There is a big panic about the recent failures of Lehman Brothers, and the bail out of Freddie Mac and Fannie Mae, and lastly about the bail out of AIG.  

I find that very few people in the media have the first clue as to what is going on (not to mention politicians and the ordinary people).  One pundit, who I have criticized in past writings, was almost in tears because the government did not foresee the crisis coming and protect us from it.  But it was that very government, in the persona of the Federal Reserve Bank, that brought on the crisis in the first place, by its never-ending creation of money and credit.  

When the Fed creates credit out of nothing, which banks suck up like there is no tomorrow, it gives banks more money to lend out and make a profit without any additional saving.  This drives interest rates down, and also reduces credit requirements.  If the banks do not reduce the requirements for getting a loan, they will not be able to lend out all the extra money, and money sitting on the books is not earning interest from borrowers.  So, loans are granted to folks who might not be able to pay them back.

Now the Federal Reserve has come up with $85 billion to lend to AIG, obviously created out of nothing as usual, in return for an 80% equity stake in the company.  This means that the Fed is now the owner of AIG.  I remember that the very definition of socialism was that the government owns the means of production.  Gee!

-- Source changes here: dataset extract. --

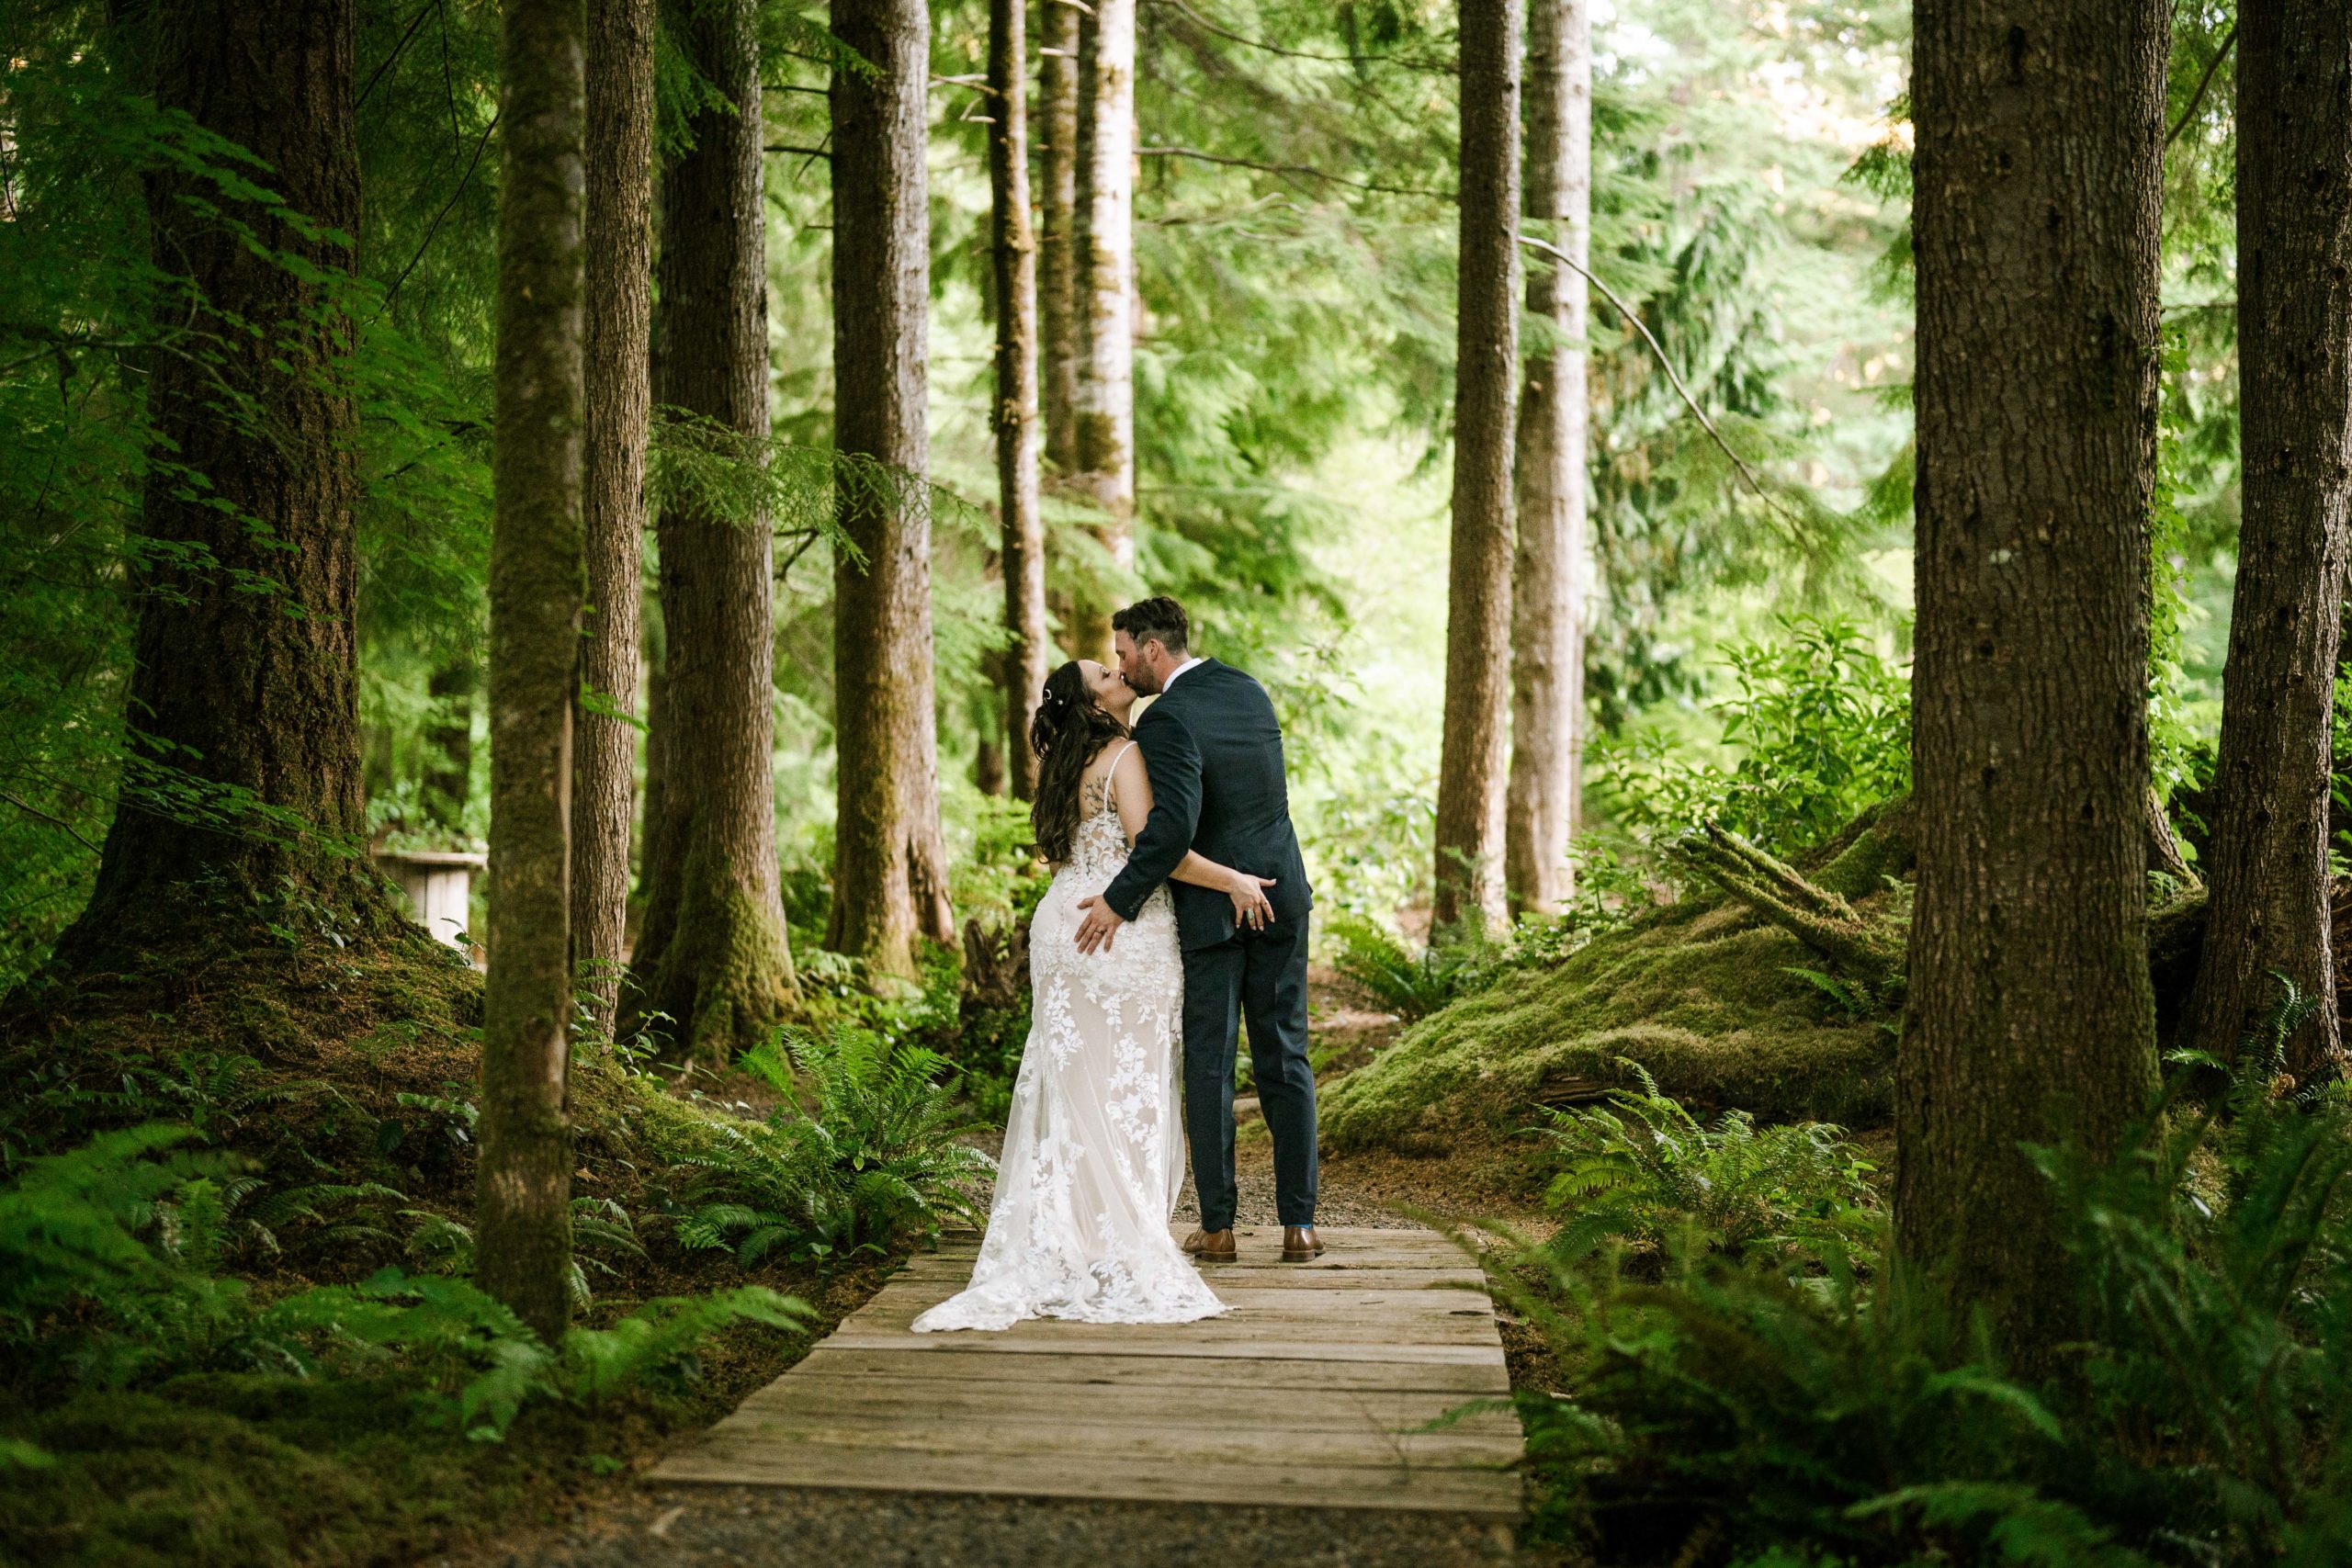 Beautiful Forest Wedding in Forks, Washington
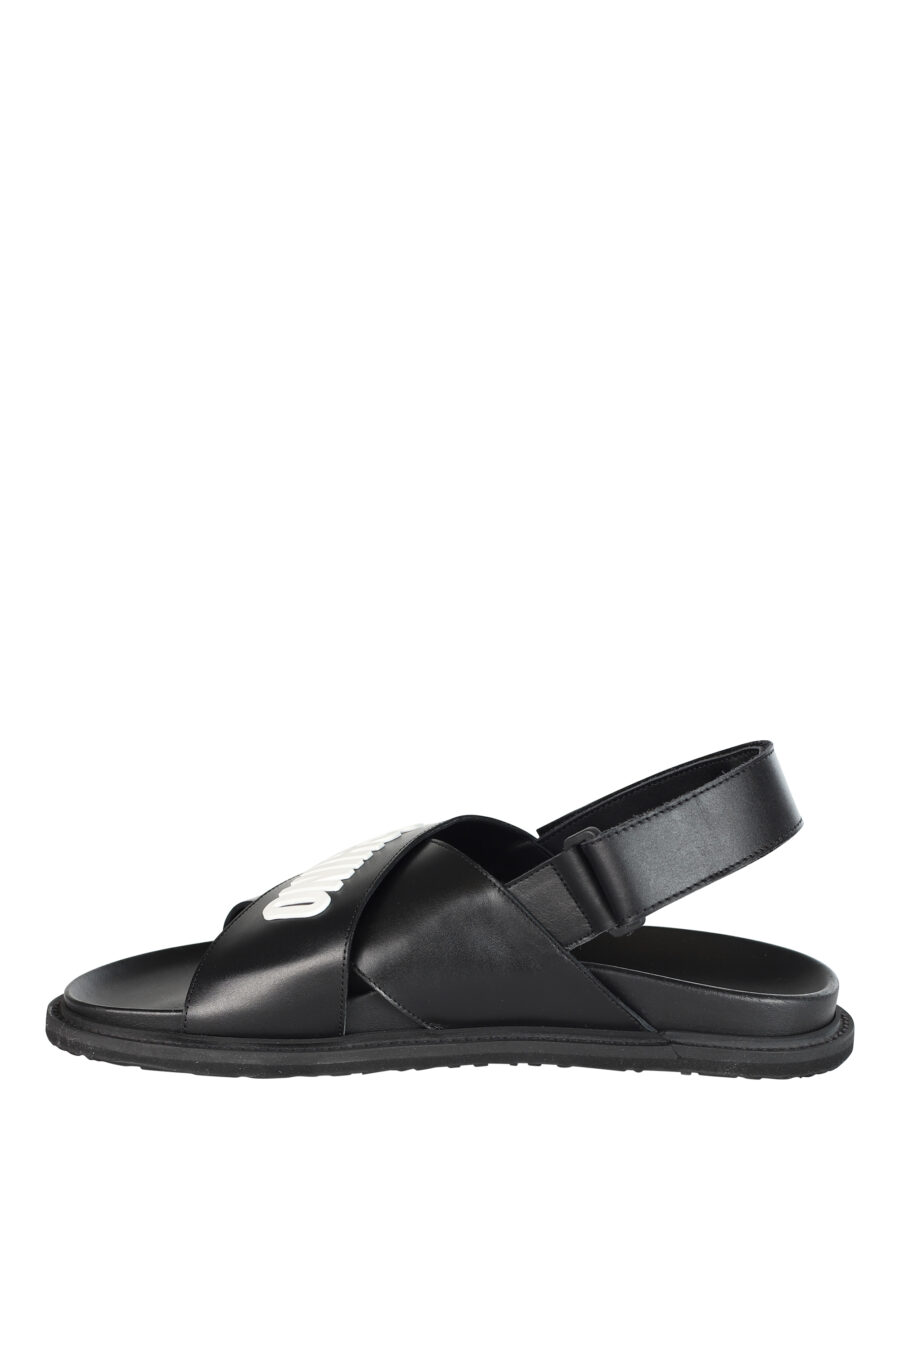 Black crossed sandals with white maxilogo - 8059022514769 3

Now comes “moral hazard.”  In economics, moral hazard occurs when one tries to prevent something in a way that actually encourages the very behavior one wants to discourage.  Normally, banks which make a lot of bad loans will go out of business when people begin to default on those loans.  The possibility of widespread non-payment is an incentive not to make those loans.  But if someone, like the government for instance, promises or even demonstrates, that it will save a company if the ill-considered loans fail, the company now has an incentive to continue to take the risk of making bad loans.  Government bail outs will only encourage the situation.

Lastly, the pouring of vast amounts of money into the economy by the credit creation of the Fed to bail out the companies will further reduce your purchasing power by watering down the value of the dollar more than it has been.

It should be pointed out that neither presidential candidate is saying anything like this.  Why do so many people think that the president is our savior?  The president does not have the power to control this because the Federal Reserve operates independently of the elected officials.  I am not recommending that the elected officials control the Fed.  I think we have enough evidence that they would not be able or willing to do this—remember our national debt plus unfunded mandates to the tune of $55 trillion?  The only solution is to get rid of the Federal Reserve Bank!